# Polish, Houdans.and Creves



## seminole wind (Aug 22, 2015)

Polish,, Houdans, and Crevaceours (sp). 

Polish have always been a favorite of mine. Most are okay with being picked up. Then I started with Houdans and I have 2 and 1 before that. I also have 2 Creves . Polish can be neurotic and are better with a haircut around the eyes, 

Creves look like black Polish, but somewhat less neurotic and have grown into docile birds. I don't think they are as hardy as Polish.

Houdans are lovely. They've been docile and friendly. Larger than Polish and nice loose fluffy feathers.  I will always like them.

Just thought I'd describe the tophats I have.


----------



## chickenqueen (Jan 9, 2016)

Anything w/ a hair-do or feathered feet gets a thumbs up from me!!!


----------



## Maryellen (Jan 21, 2015)

I love those breeds too, I have 2 polish but want the other two breeds too . They are just soo pretty.


----------



## seminole wind (Aug 22, 2015)

The Houdans seem hardy. But the Creves- I have 2 out of 5 left after 2 years now. 2 died in shipping and one was found dead a year ago.

They are all very sweet birds.


----------



## Maryellen (Jan 21, 2015)

I also want the appenzeller,their hens are gorgeous


----------



## Maryellen (Jan 21, 2015)

The sultans are cool too with their hairdo


----------



## seminole wind (Aug 22, 2015)

Maryellen said:


> I also want the appenzeller,their hens are gorgeous


I had a pair but they always got picked on so I gave them up.


----------



## Maryellen (Jan 21, 2015)

I notice my polish are very skittish and get picked on more by some of my other hens


----------



## hildar (Oct 3, 2013)

Yes the Polish that we got from our surprise box last year are now fully grown. I have only 2 girls left and 1 boy out of the 9 due to the neighbors dog getting in the yard. However they are not all the same colors. We have a golden laced, and a white crested black, The only rooster is golden laced and our "Silky" is not a silkie he is a Sultan and he is in love with the white crested female. He follows her all over the yard and gives her all of his snacks.

I do love the Polish, however I have to keep trimming them up so they can see.


----------



## seminole wind (Aug 22, 2015)

Maryellen said:


> I notice my polish are very skittish and get picked on more by some of my other hens


I've seen my Polish and one Creve have a dramatic personality change after a real good but ugly haircut. That crest makes them feel like they're being snuck up on.

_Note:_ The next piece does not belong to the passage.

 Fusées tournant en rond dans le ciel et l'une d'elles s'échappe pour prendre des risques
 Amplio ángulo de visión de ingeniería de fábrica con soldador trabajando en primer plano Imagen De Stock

Hildar, sorry you had neighbor dog attacks.


----------



## chickenqueen (Jan 9, 2016)

Can you shoot the neighbor's dog?That will stop that from happening,permanently.I had that problem for years and lost a lot of chickens to the neighbors' dogs.I have the right,by law,to protect my livestock and after shooting 5 dogs,the neighbors keep their dogs locked up.Too bad I had to shoot the dogs because of the owners irresponsibility.Now I just have to watch out for dumped off dogs.I always have a loaded shotgun by both doors and I have a baby monitor out in the coop so I can hear if something is happening in the back coop/yard. I can be out and shooting in a matter of seconds.The last time I went charging out and came back in after securing the yard,Dale made the comment that he didn't know I could still move that fast.


----------